Living with Herpes

Being diagnosed with herpes, in particular genital herpes can be something of a shock for most people. Many people are uncomfortable discussing sexual health matters with even their closest friends or family doctor but there a numbers of avenues to pursue for help and guidance.

Counselling through your doctor or specialist clinic is usually available and it is important to get as much information about herpes, it’s treatment and management as possible.

If you or your partner are reluctant to discuss the matter or come to terms with the diagnosis and trained medical councillor can provide expert guidance.

The experience and support of other people with herpes can be invaluable. Just talking to someone with the same problems and issues can help keep things in perspective.

There may be local self-help groups that your doctor or clinic can put you in touch with. Failing that there are many online support forums you can join, usually for free.

Remember if your partner is diagnosed with genital herpes your help and support will be critical in helping them manage their treatment. And helping them deal with their condition directly affects you also.

If you have only just been diagnosed as having genital herpes and are in a monogamous relationship, this does not necessarily mean that your partner has been unfaithful to you, or sexually promiscuous in the past.

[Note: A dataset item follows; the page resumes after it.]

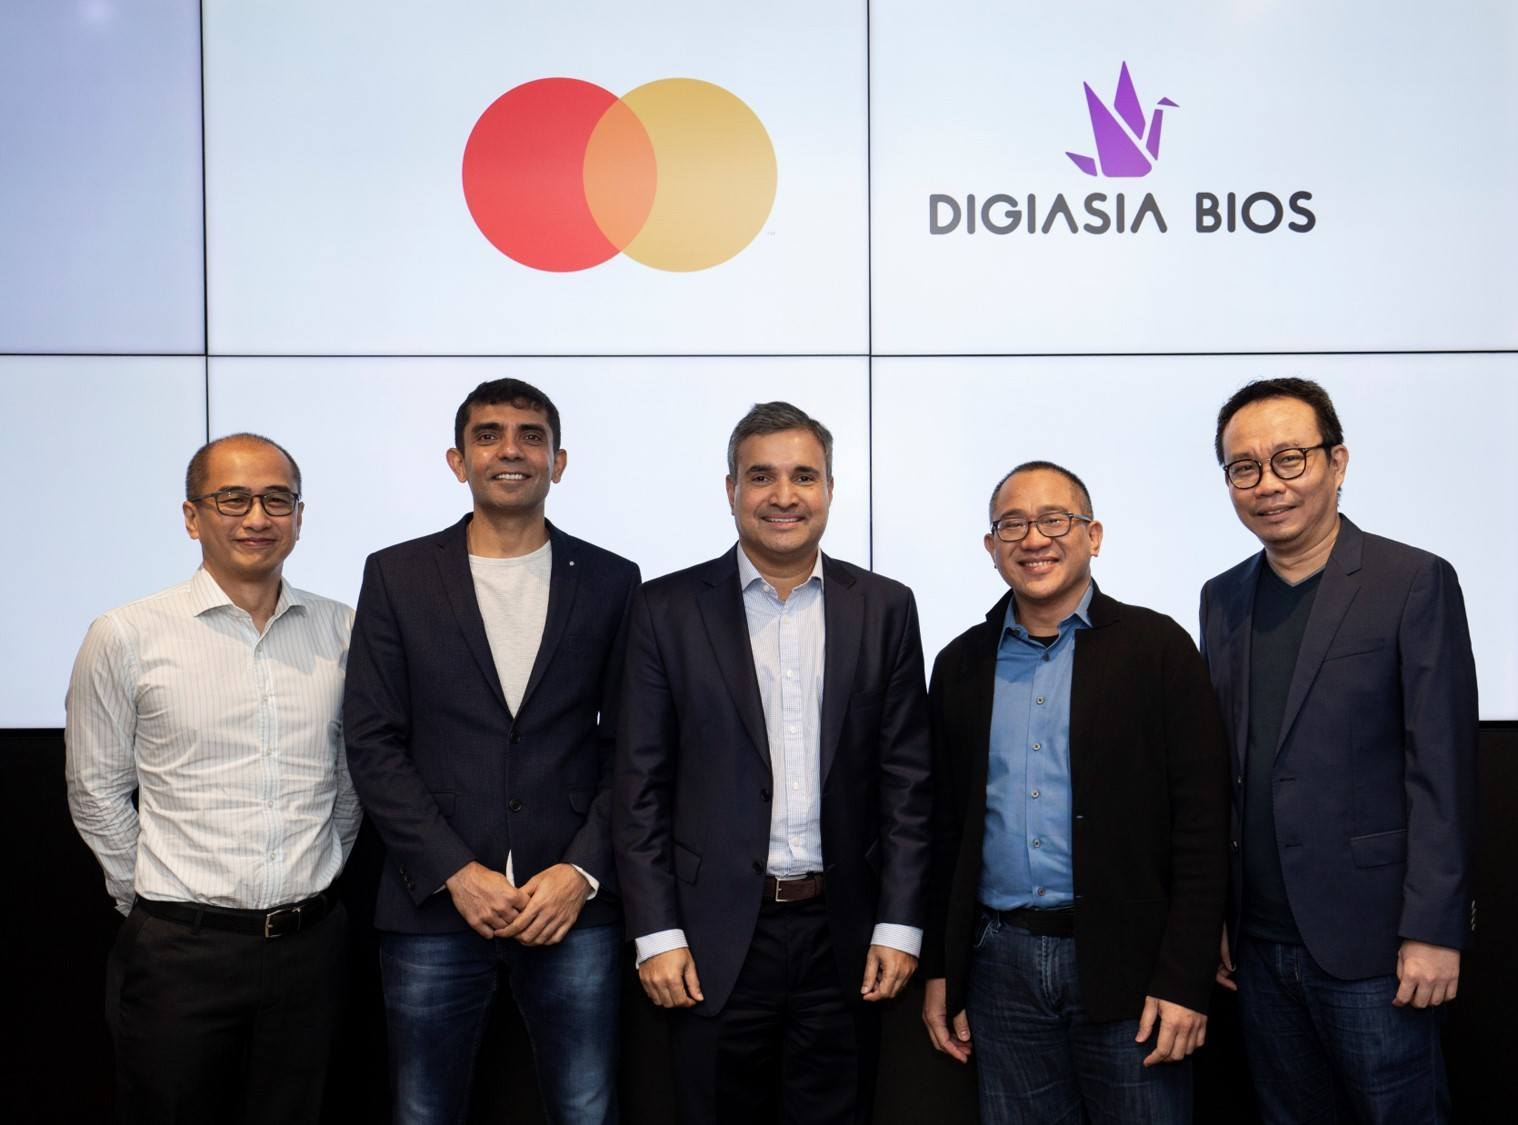 Mastercard Leads Digiasia Bios Startup's Series B Funding

It is possible for a person to carry the virus without knowing that they have it, since up to 80% of people who are infected with HSV-2 show no signs of the infection. So it is very easy for a person to unwittingly transmit the infection to their partner.

Alternatively, you may have contracted the virus from a previous sexual partner, perhaps even several years ago. The virus can remain inactive in the body for long periods, so this may be the first time it has caused symptoms.

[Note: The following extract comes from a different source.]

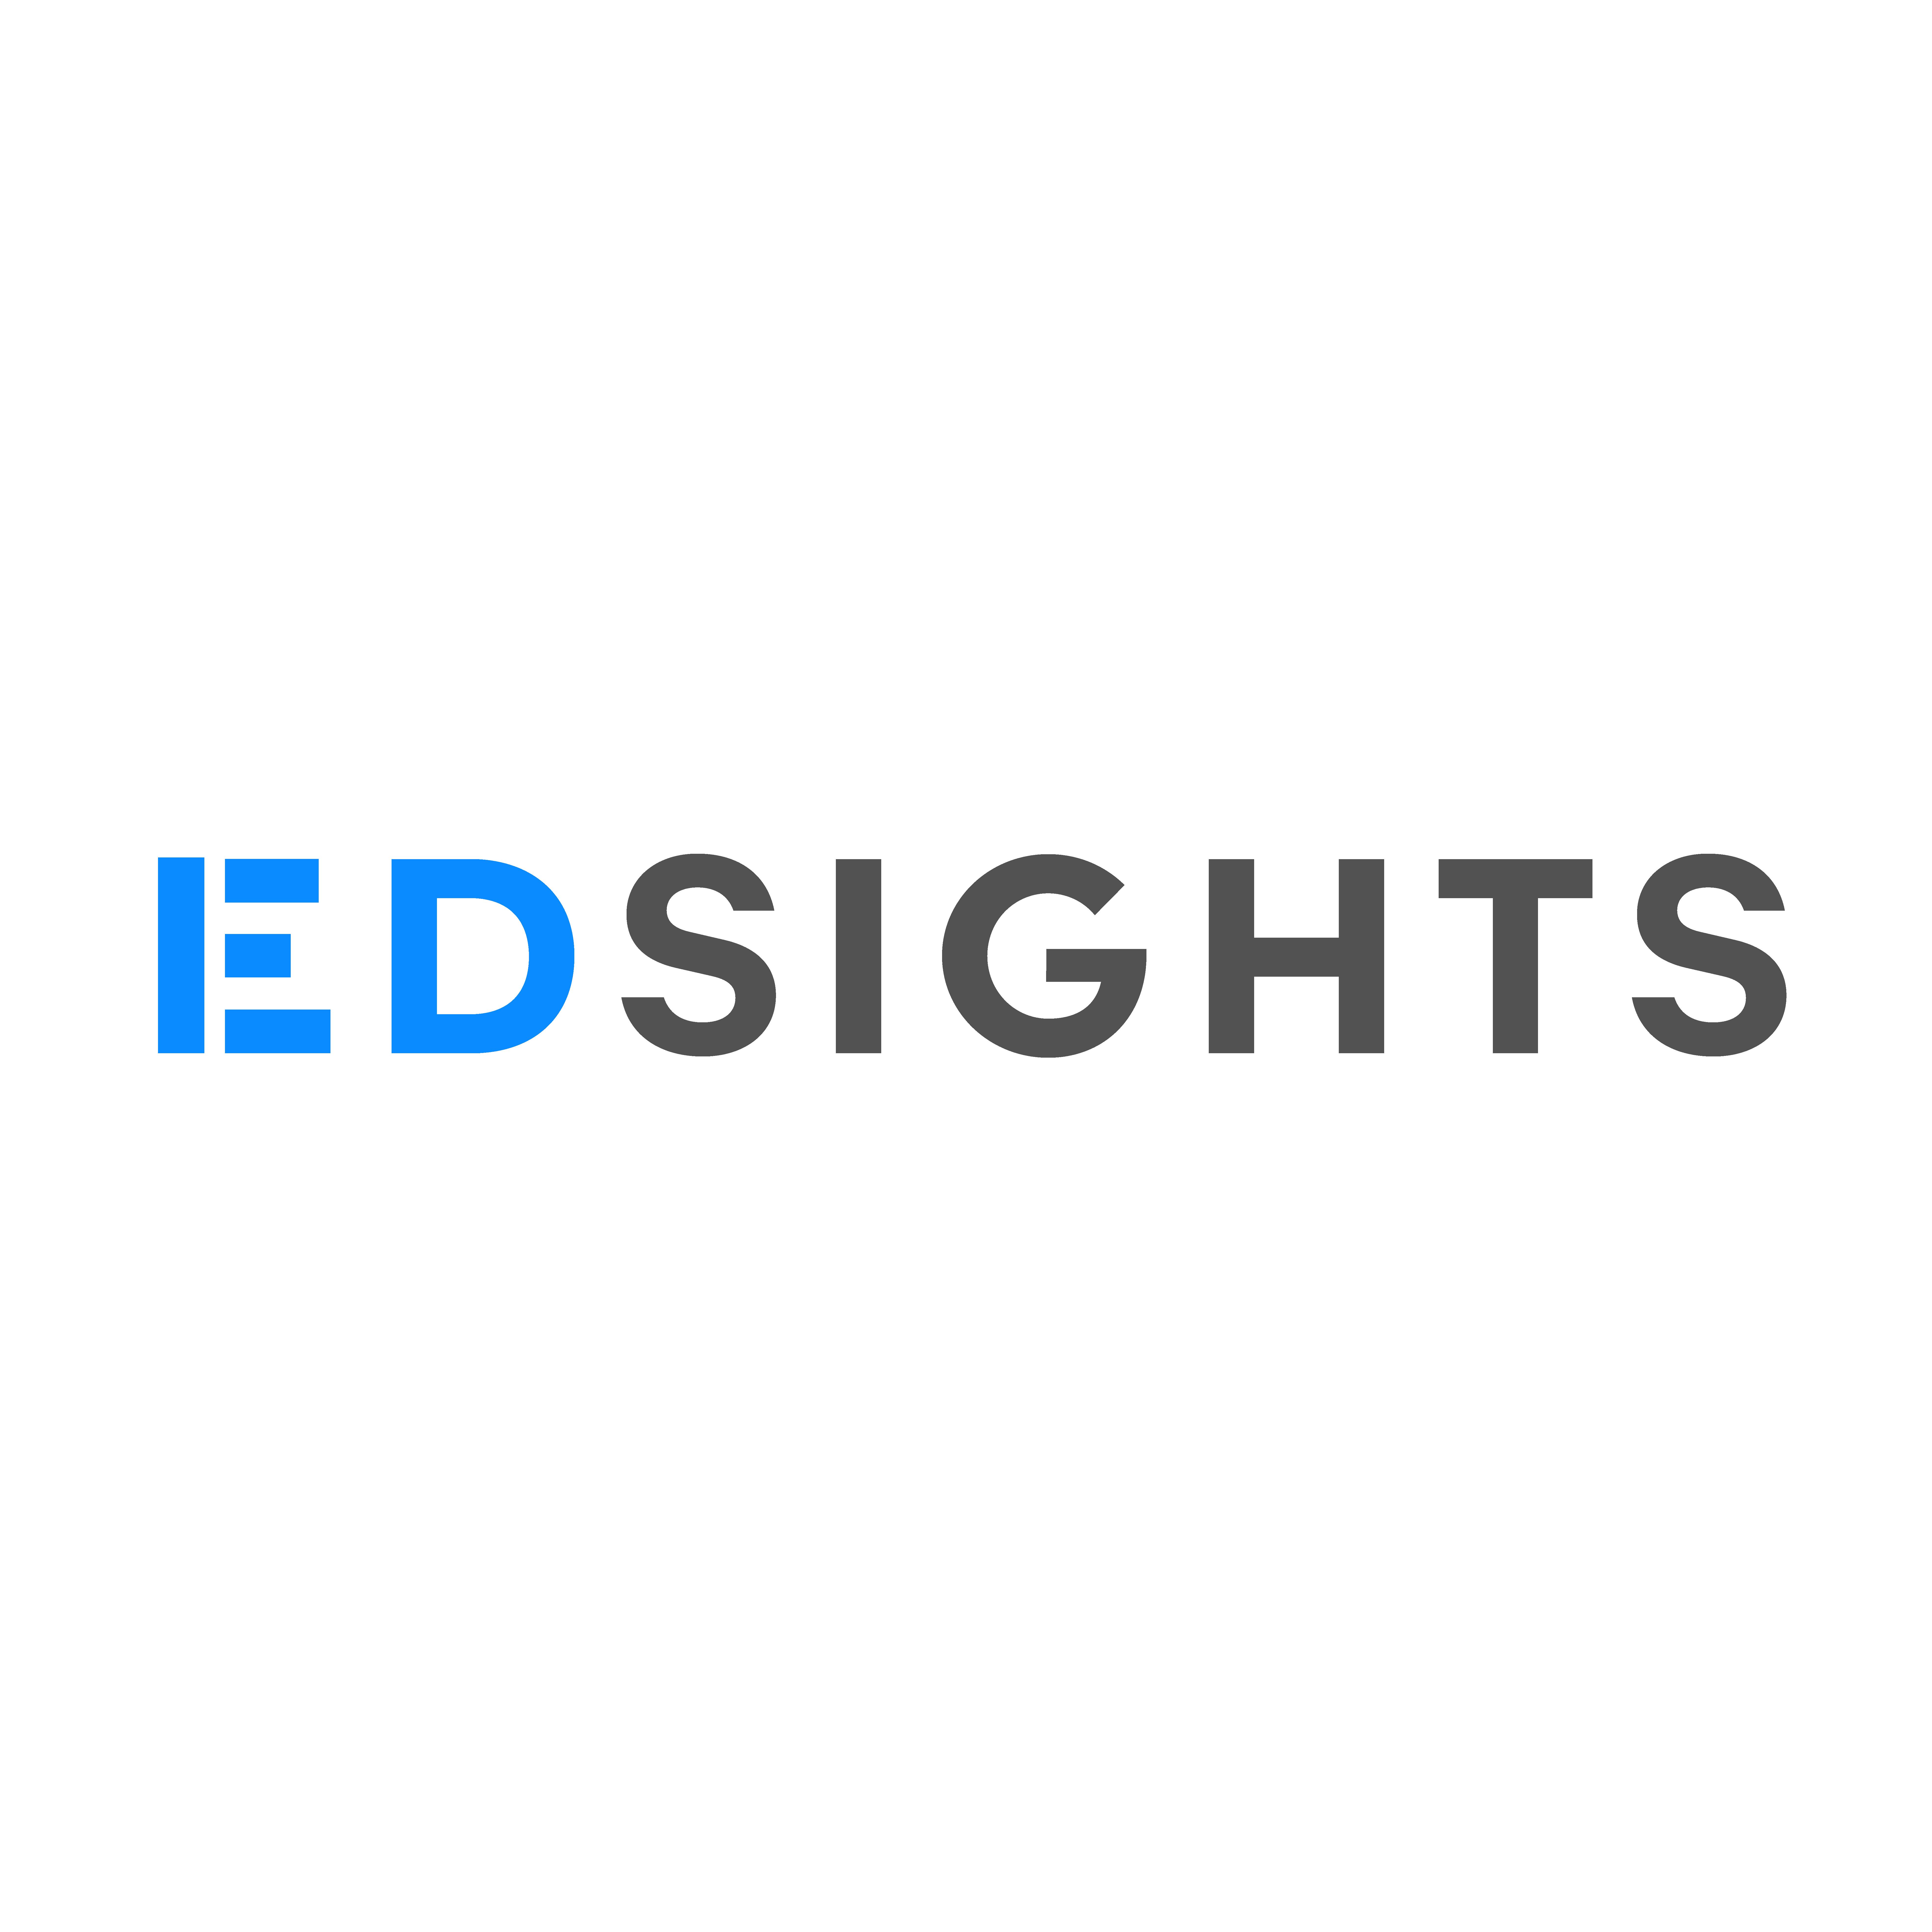 EDSIGHTS, INC

You may find that the honesty and trust brought about by discussing genital herpes strengthens your relationship and brings you closer together.

Herpes often brings about some changes in a couple’s sex life, such as abstaining from oral sex or intercourse during outbreaks. For most people with herpes this occurs only a few times a year. There is a small risk of spreading the virus in between outbreaks but condoms and certain treatments can help to minimize this risk significantly.